I've been doing most of the testing on v14, the v14->v13 testing was just to ensure edge cases. In any event this does NOT appear to be a v13 bug as the OTR always works flawlessly on v13, it seems to be clearly a result of something added in < 14.0.1

This also does NOT appear to be a key generation bug as I have waited upwards of 8 minutes for the problem to resolve without success, and then immediately after force stopping and relaunching the application OTR initiates instantaneously.

The message receipts happened after I initiated an OTRed conversation, received several encrypted messages I could read and then sent several which were delivered but unreadable to my recipient, not sure if this is unrelated

[knoy]

This issue is still really crippling any use of chatsecure. I'm having troubles understanding why you are having problems reproducing this bug as it's affected every person I know who's updated to v14. Anytime the app is updated to a new version (i.e: a new debug build) all the active chats become instantly affected and reboots and force stops do not fix.

[eighthave]

@n8fr8 ok, following up on the XMPP resources, have OTR Instance Tags been implemented in v14? or is there something else happening with XMPP resources? I just had a session where ChatSecure was not receiving messages at all, and it seemed to be related to different XMPP Resources.

[n8fr8]

While you say "works flawlessly on v13" others did not say that, so you see it is a matter of perspective. Absolute statements about what does or does not work are not helpful.

OTR instance tags are not implemented, as we are not using OTR v3.

XMPP resources could be a cause of this, specifically how the OTR Session object instances are tied to a SessionID instance, and how new sessions are instantiated when the resource changes.

[n8fr8]

As a side note, since 14.0.8.1 I have not had any problems init'ing OTR sessions with any of the non-technical users I communicate with using ChatSecure on a daily basis.

[eighthave]

@n8fr8 I only see v14.0.4 in git, where is the code for the newer releases?

[n8fr8]

oops, sorry brainfart from Orbot versioning. Too many v14s..

[eighthave]

as for v14.0.4, I just got an OTR fail just now, with all of my commits on top of v14.0.4

[devrandom]

In general, I recommend code reviews as a policy. This will reduce regressions and generally improve code quality.

In this particular example, I suspect that the feature where an OTR state is maintained per peer presence was broken at some point in v14.

Personally, I am using an older version for stability.

[n8fr8]

Well, devrandom, you are really missing out then. :)

I agree more code reviews and more eyeballs on all of this are great. eighthave is here to help, and hope we can get you and Lior back on board more. It is never good just to have one person working on so much code, but that was the reality we were in do to time, resources, and more. I hope we can get v14 to the point where you can appreciate all the positive improvements in stability and usability. The fact that my brilliant but non-technical wife is a full time, always encrypted ChatSecure now is the only evidence I need that progress has been made.

[n8fr8]

Regarding that last bit, there may be a server issue here, because most of the people I am communicating with that are non-technical, who are not having any problems are on GMail accounts. This adds some evidence to the fact the issue is related to XMPP resources/addressing and not OTR itself.

[devrandom]

I am always available for code reviews, and would be glad to be more involved in general.

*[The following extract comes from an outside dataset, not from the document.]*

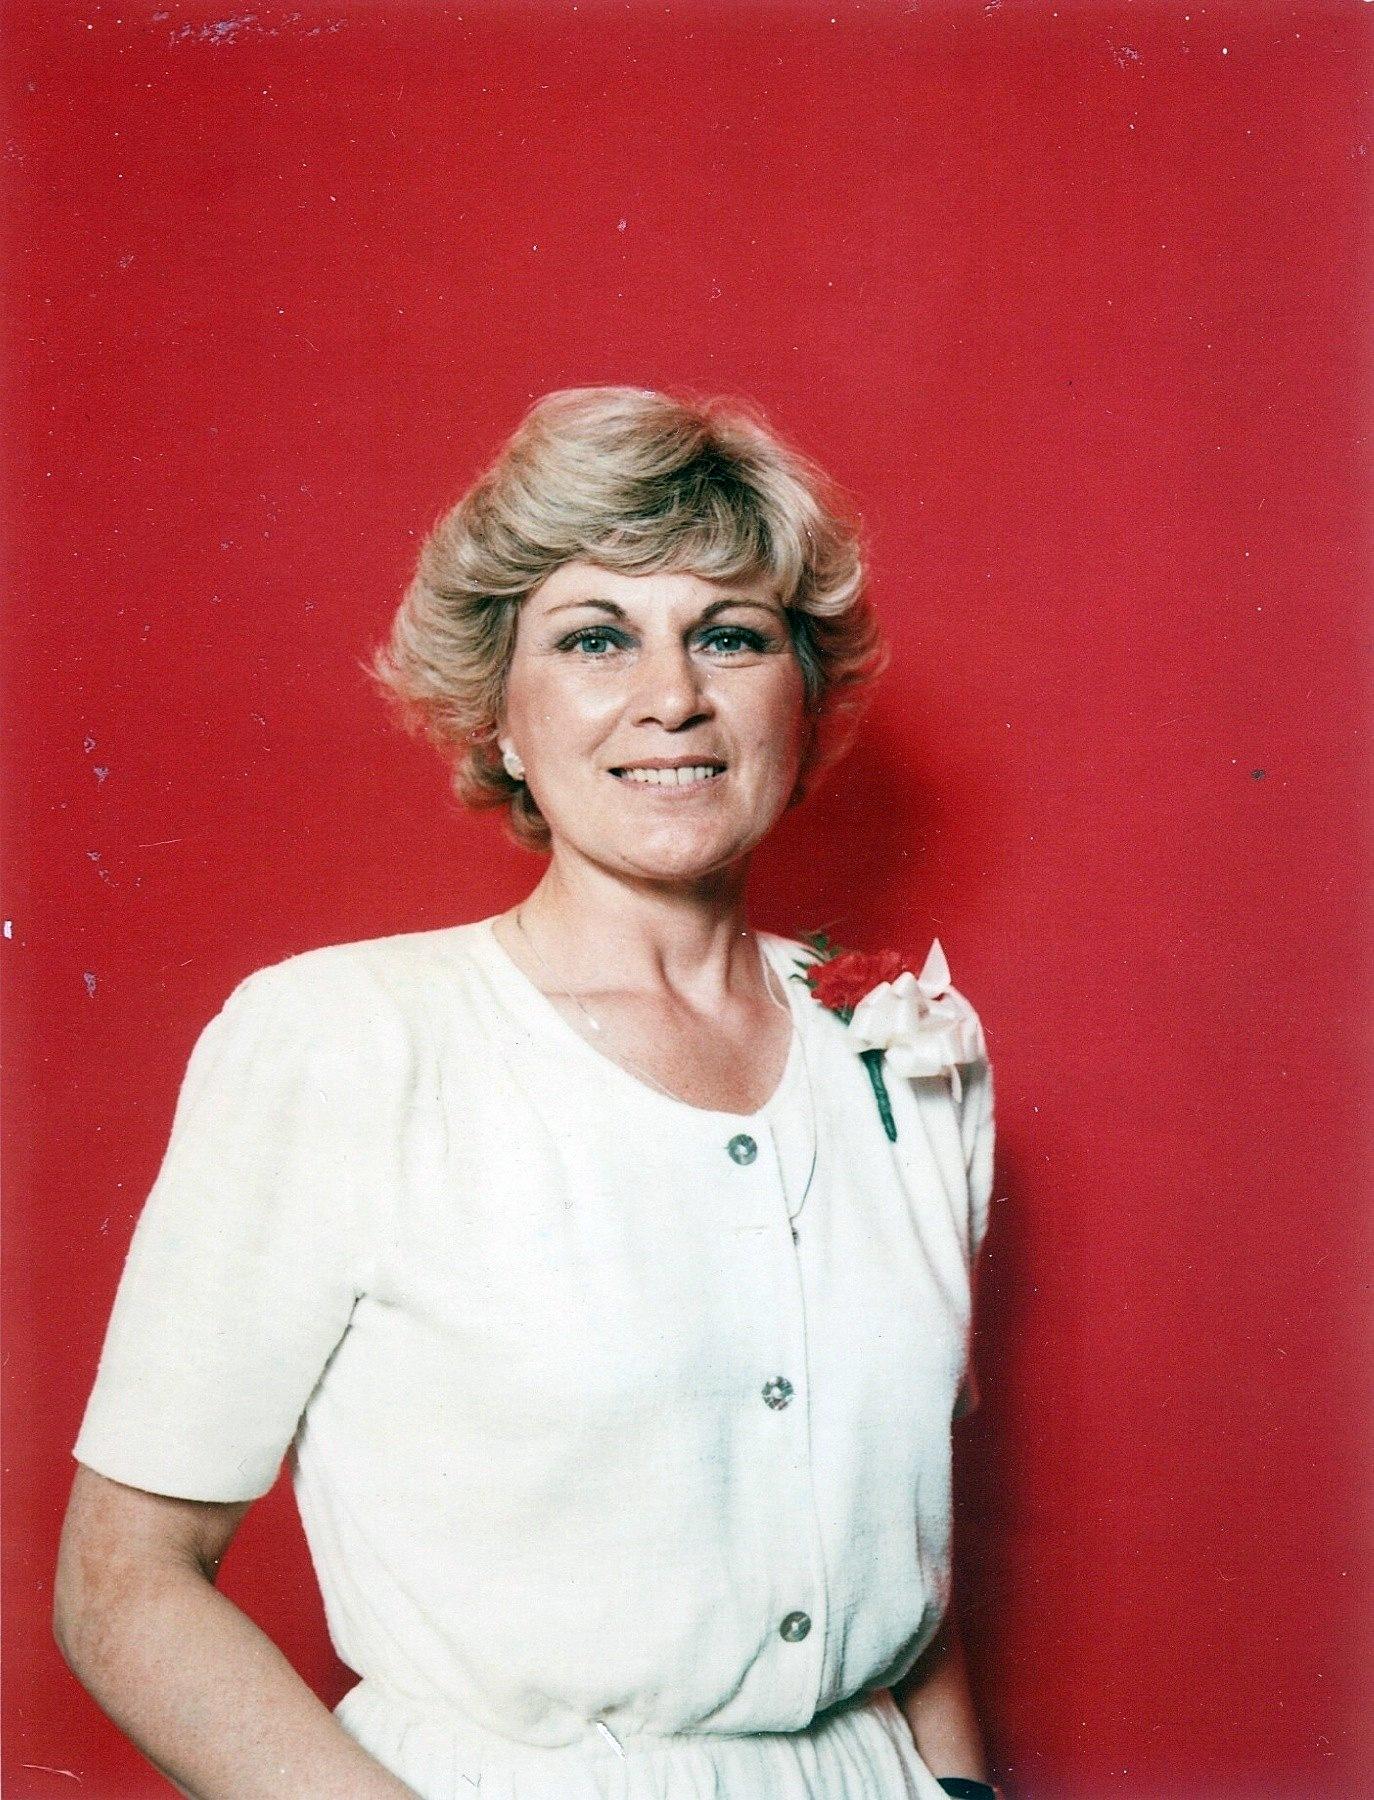 Scarlett Alice Johnson,Hildy Brooks Hot images Renee Jones,Anne Stallybrass (born 1938)
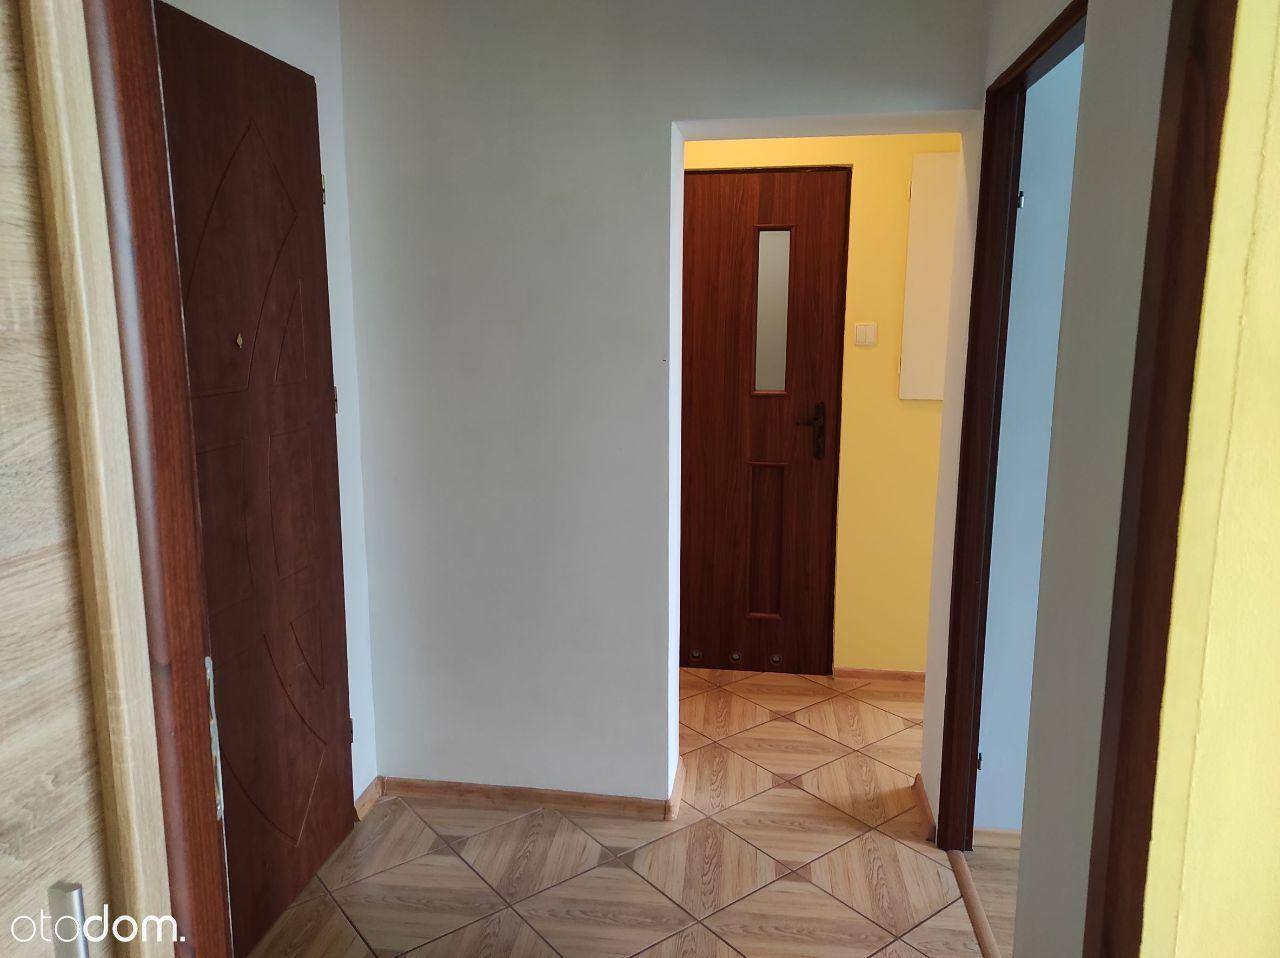 Rezerwacja, Mieszkanie w bloku, 2 pokoje

Regarding the issue - if it was a regression in multi-presence OTR, it's dependent on how many OTR enabled devices each side has on at the same time. That said, there could be multiple things going on at once. It would be good to add debug logging...

[n8fr8]

@knoy can you remind me what kind of server you are using? ejabberd, prosody? Which version?

[knoy]

Prosody 0.9.6 (latest stable version)

To reproduce the issue consistently: Open Upgrade to a new debug build from an old debug build, all your active chats should now have issues with OTR. Afterwards this will continue intermittently

[n8fr8]

Just to make sure this is clear: when you upgrade you are killing all OTR active sessions in memory, since they are stored in only in flash/transient memory "RAM" and not storage memory (sdcard/"disk"). If the other end you are chatting with has an open session, that will now be stale, and they should stop and restart. That said, I upgrade my debug build all the time directly from my dev IDE, and cannot reproduce this issue. I have tried, trust me, I have!

[knoy]

Is there any way to have stale chats automatically closed when upgrading to new versions? Just to ensure that it's not the OTR issue causing this and also to fix it if isn't

[eighthave]

@knoy it is each client's job to close its end of the OTR session. Alice's XMPP client can only signal Bob's XMPP client that it is closing the OTR session. If Bob's does not act on that information, then there is not really anything that Alice's can do about that.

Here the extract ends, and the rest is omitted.